I want to leave you with two thoughts. Today we are left in silence before the cross – we end this liturgy with the really horrifying fact that the Lord comes into his Kingdom on the cross: IESUS NAZARENUS REX IUDEORUM.
I would like to leave you at the foot of the cross. But I would like to point out that if you are at the foot of the cross, you are with Mary. If you’re at the foot of the cross, you’re standing there with Mary. Our task is to hold to Jesus in faith, with Mary, even here. Mary’s greatness lies in the fact that she held on in faith to Jesus. We keep finding her in the Gospels, next to Jesus, despite her constant discovery of the rotten analogies: depite having constantly to face the identity of her Son outpacing her ability to understand, hearing him say “How is it that you sought me?
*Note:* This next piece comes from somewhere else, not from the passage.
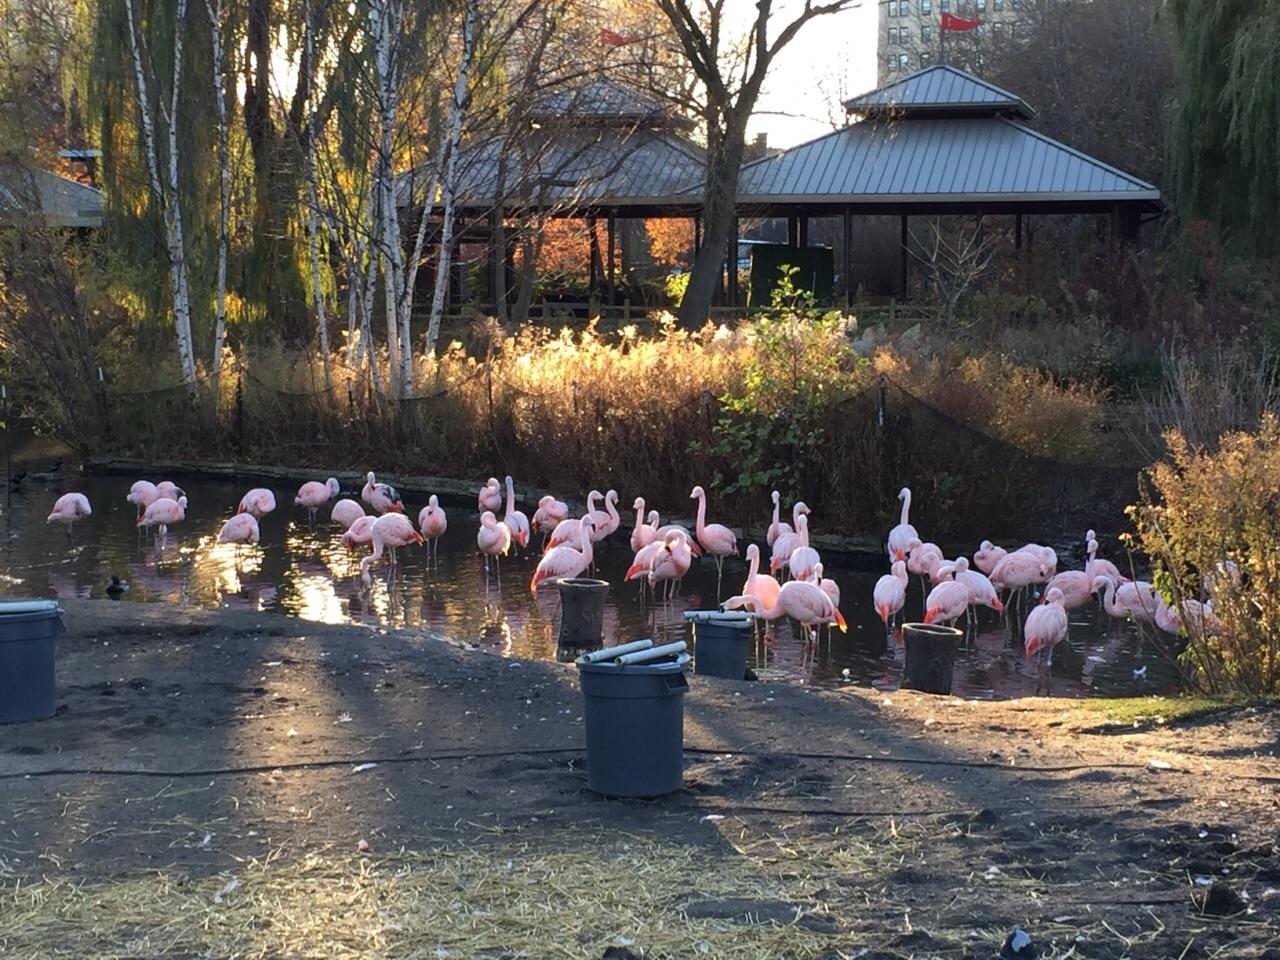 林肯公园动物园旅游景点攻略图

Did you not know that I would be in my father’s house?” and “Woman what have you to do with me? My hour has not yet come,” and “Who are my mother and my brothers? Everyone who hears the word of God and keeps it is my sister and my brother and my mother…” And finally on the cross she holds on in faith even as the most intimate analogies are stripped away. Msgr. Romano Guardini said: “…at last [Jesus] severed the very bond of son-ship, appointing another, the man beside her under the cross, to take his place! On the highest, thinnest pinnacle of creation, Jesus stood alone, face to face with the justice of God. [And Mary’s greatness is in that] From the depths of her co-agony on Golgotha, Mary, with a final bound of faith, accepted this double separation – and once again stood beside him!”
Our vocation is – with Mary – to confess Jesus to be as Messiah even in the face of the cross’s awful silence, to hear in that silence the voice of God’s total self-disclosure, and to know Jesus to be our king and savior by knowing “his suffering in a public place / a death reserved for slaves.”
In the name of the Father, and of the Son, and of the Holy Spirit. Amen.